The novel begins with the character of Peregrine as a young country gentleman rejected by his cruel mother, ignored by his indifferent father, and hated by his degenerate brother. After their alienation, he turns to Commodore Hawser Trunnion, who raises him.

Peregrine's detailed life experience provides a scope for Smollett's satire on human cruelty, stupidity, and greed: from his upbringing, education at Oxford, journey to France, jailing at the Fleet, and unexpected succession to his father's fortune and his final repentance and marriage to his beloved Emilia. The novel is written as a series of adventures, with every chapter depicting a new experience. The novel also contains a lengthy independent story called "The Memoirs of a Lady of Quality", written by Frances Vane, Viscountess Vane.

Peregrine Pickle features several amusing characters, most notably Commodore Hawser Trunnion, an old seaman and misogynist who lives in a house with his former shipmates. Trunnion's lifestyle may have inspired Charles Dickens to create the character of Wemmick in Great Expectations. Another interesting character is Peregrine's friend Cadwallader Crabtree, an old misanthrope who amuses himself by playing ingenious jokes on naive people.

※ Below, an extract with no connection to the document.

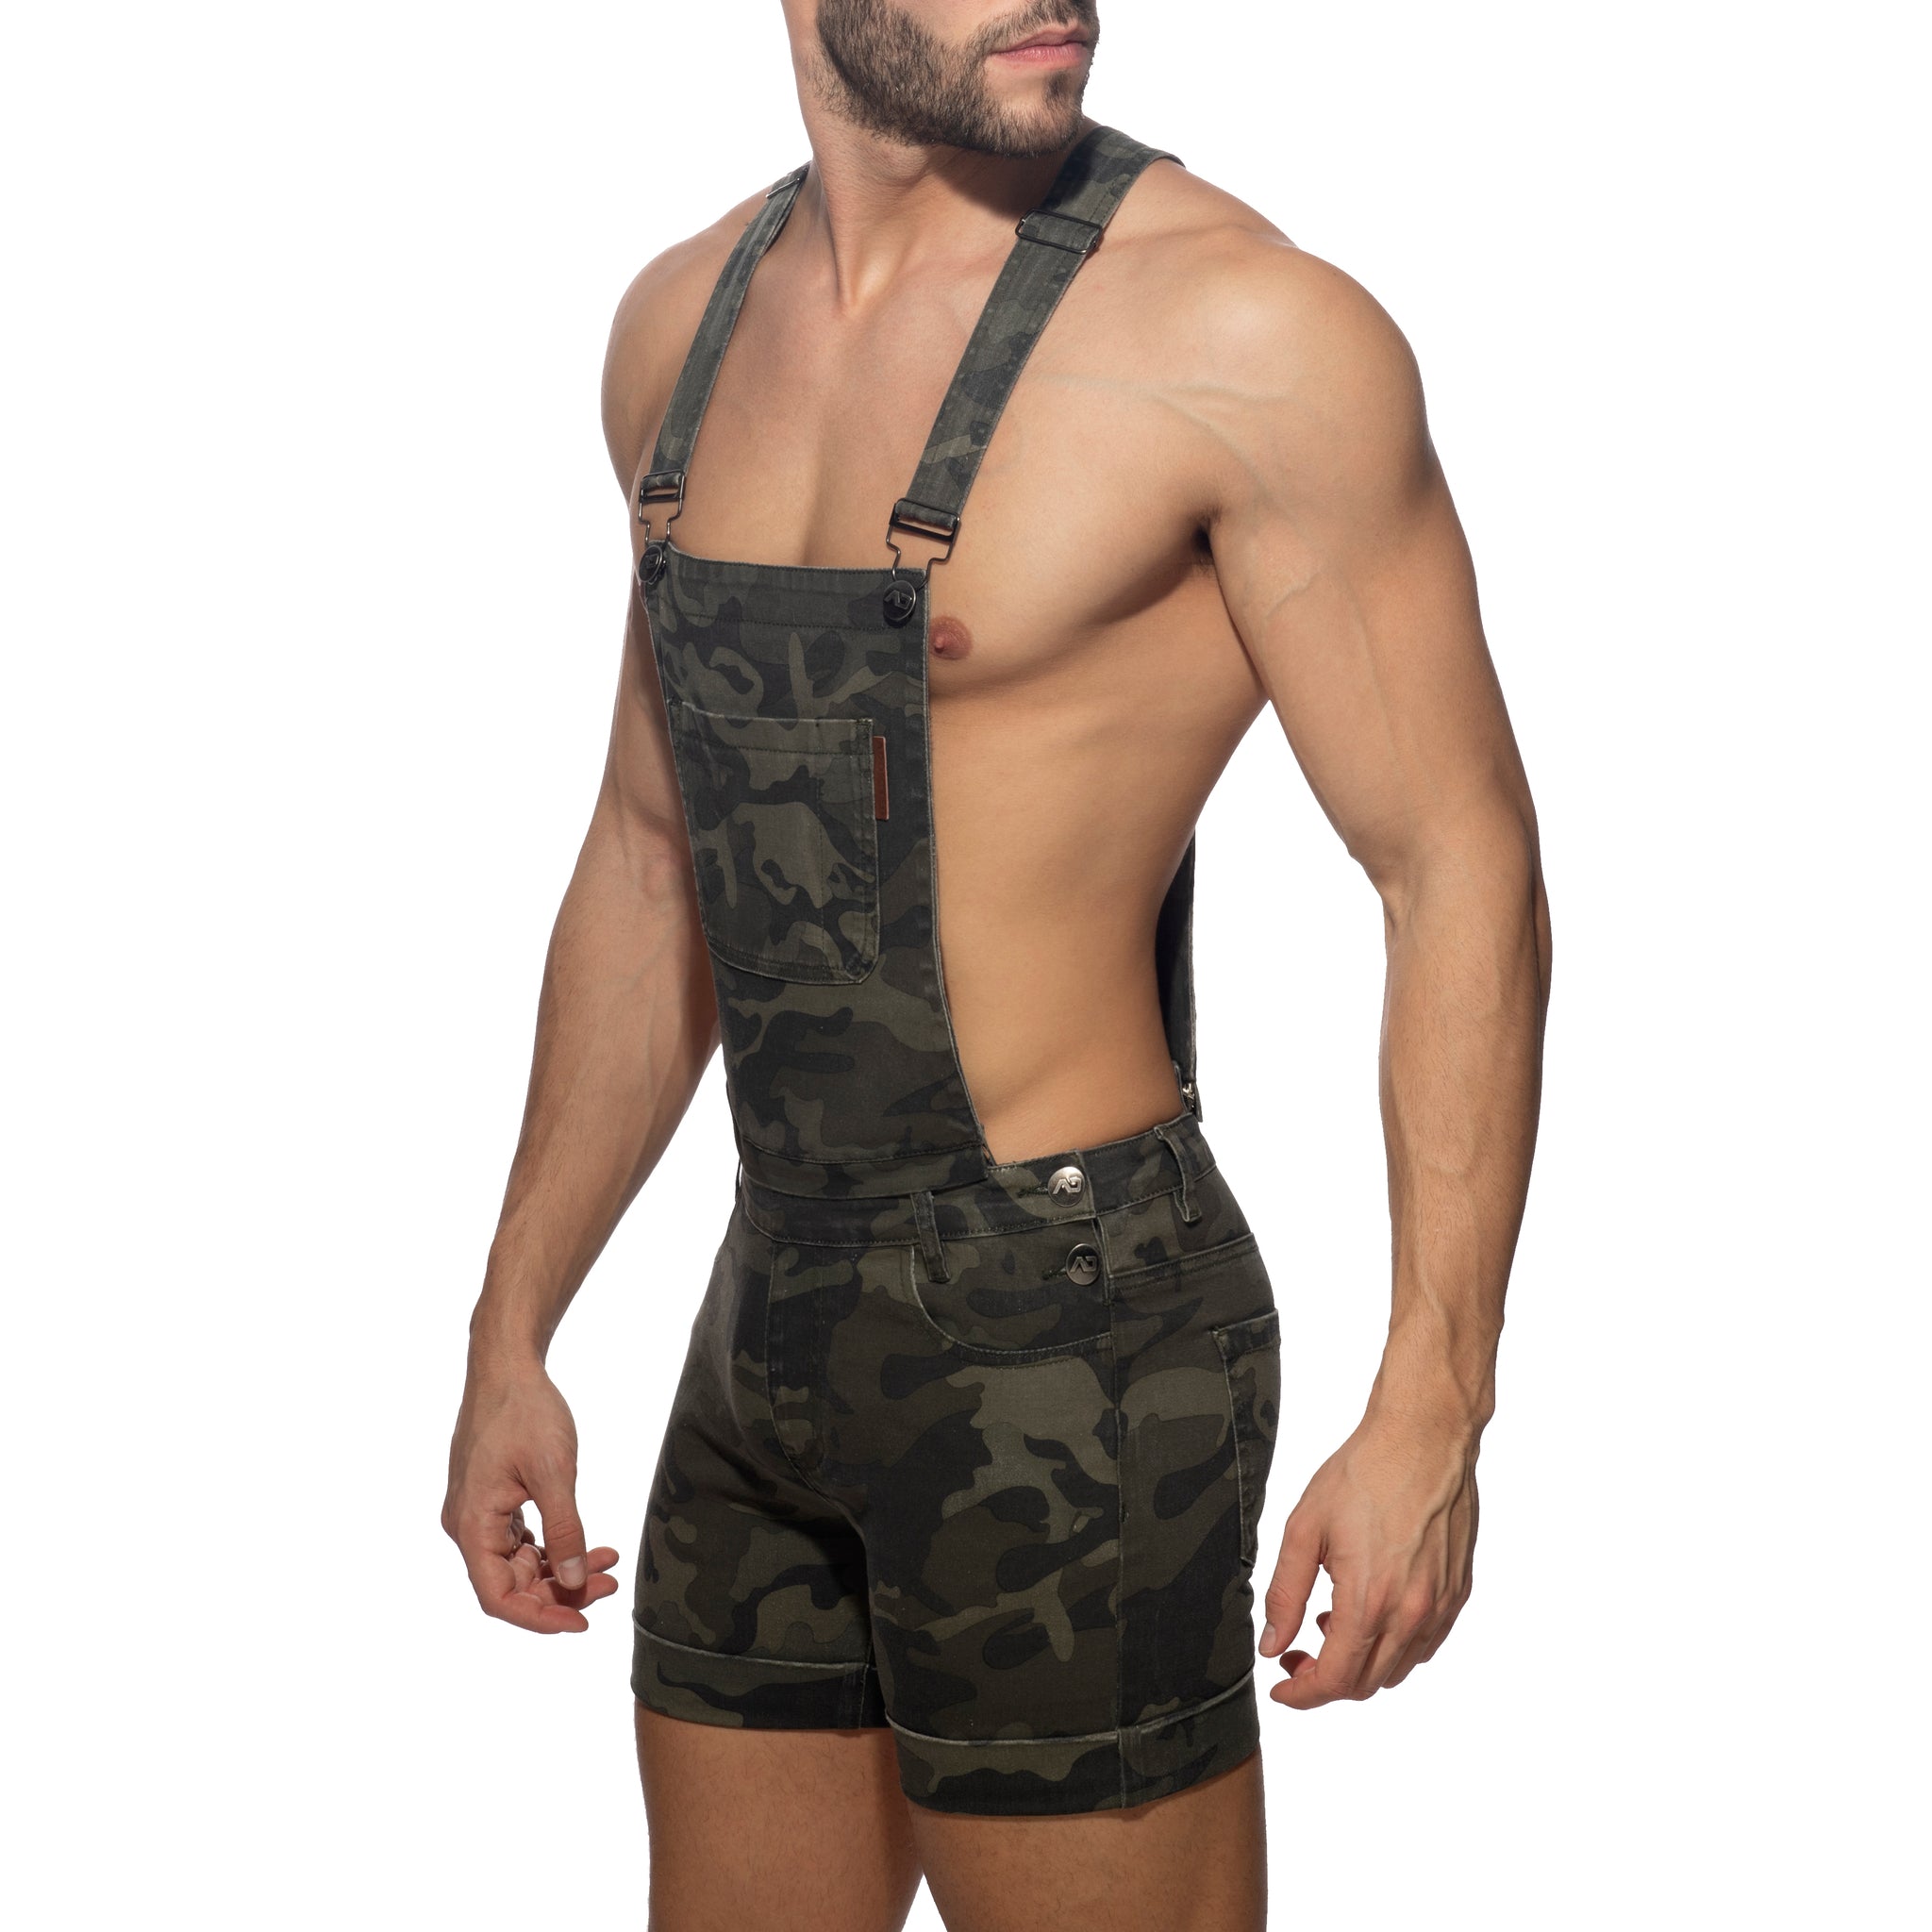 Addicted Removable Overalls Camo Jeans Camouflage AD1161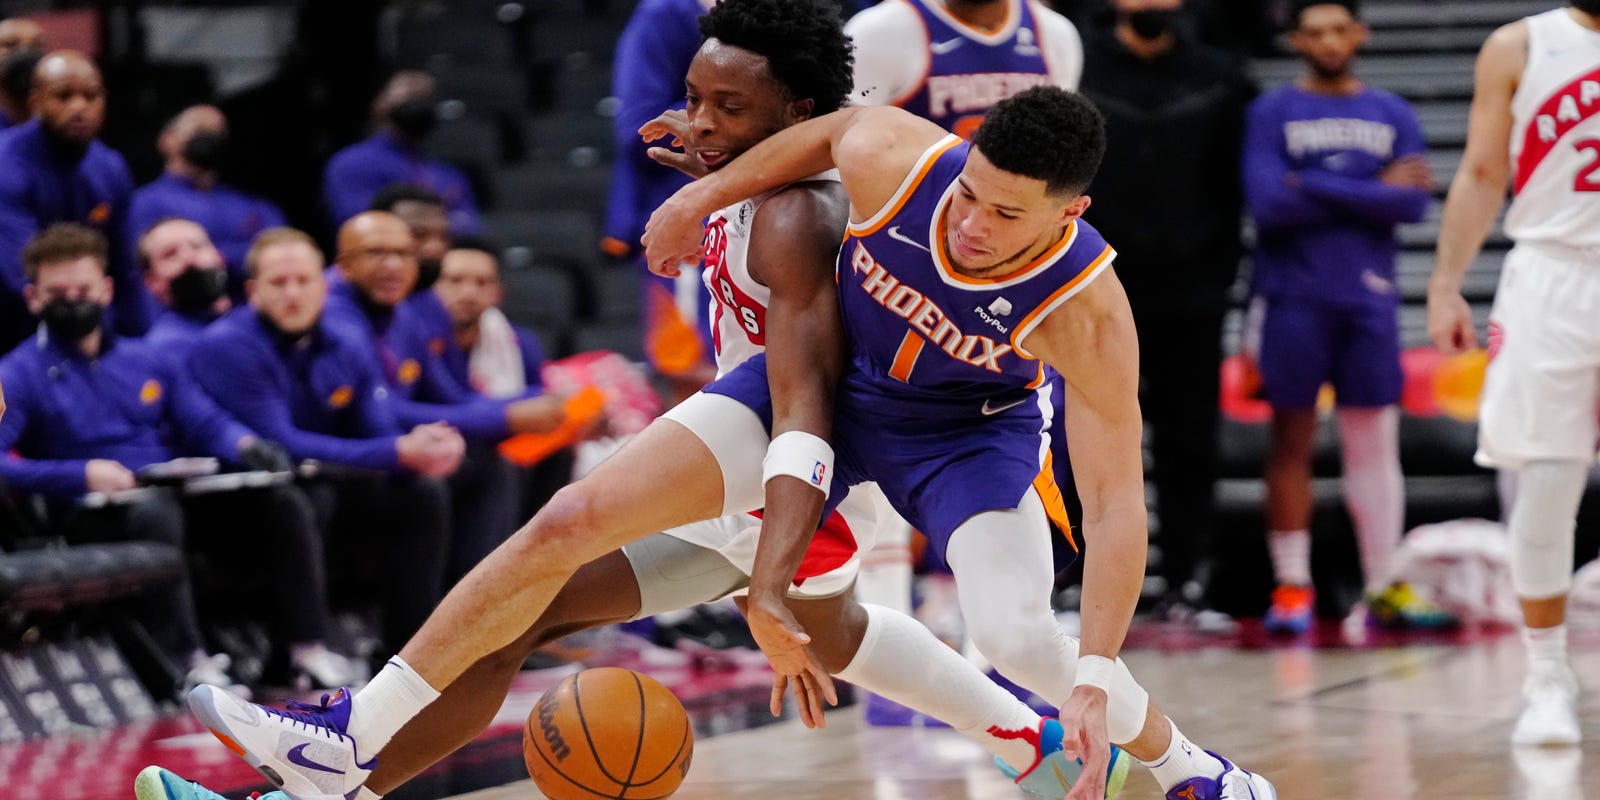 ‘Too blessed to be stressed’: Devin Booker named Western Conference player of the week for second time

Smollett also caricatured many of his enemies in the novel, most notably Henry Fielding and the actor David Garrick. Fitzroy Henry Lee was supposedly the model for Hawser Trunnion.

==Criticism==
George Orwell, writing in the Tribune in 1944, said regarding the novels Roderick Random and Peregrine Pickle:

Peregrine devotes himself for months at a time to the elaborate and horribly cruel practical jokes in which the eighteenth century delighted. When, for instance, an unfortunate English painter is thrown into the Bastille for some trifling offence and is about to be released, Peregrine and his friends, playing on his ignorance of the language, let him think he has been sentenced to be broken on a wheel. A little later they tell him that his punishment has been commuted to castration. Why are these petty rogueries worth reading about? In the first place because they are funny. Secondly, by simply ruling out 'good' motives and showing no respect whatsoever for human dignity, Smollett attains a truthfulness that more serious novelists have missed.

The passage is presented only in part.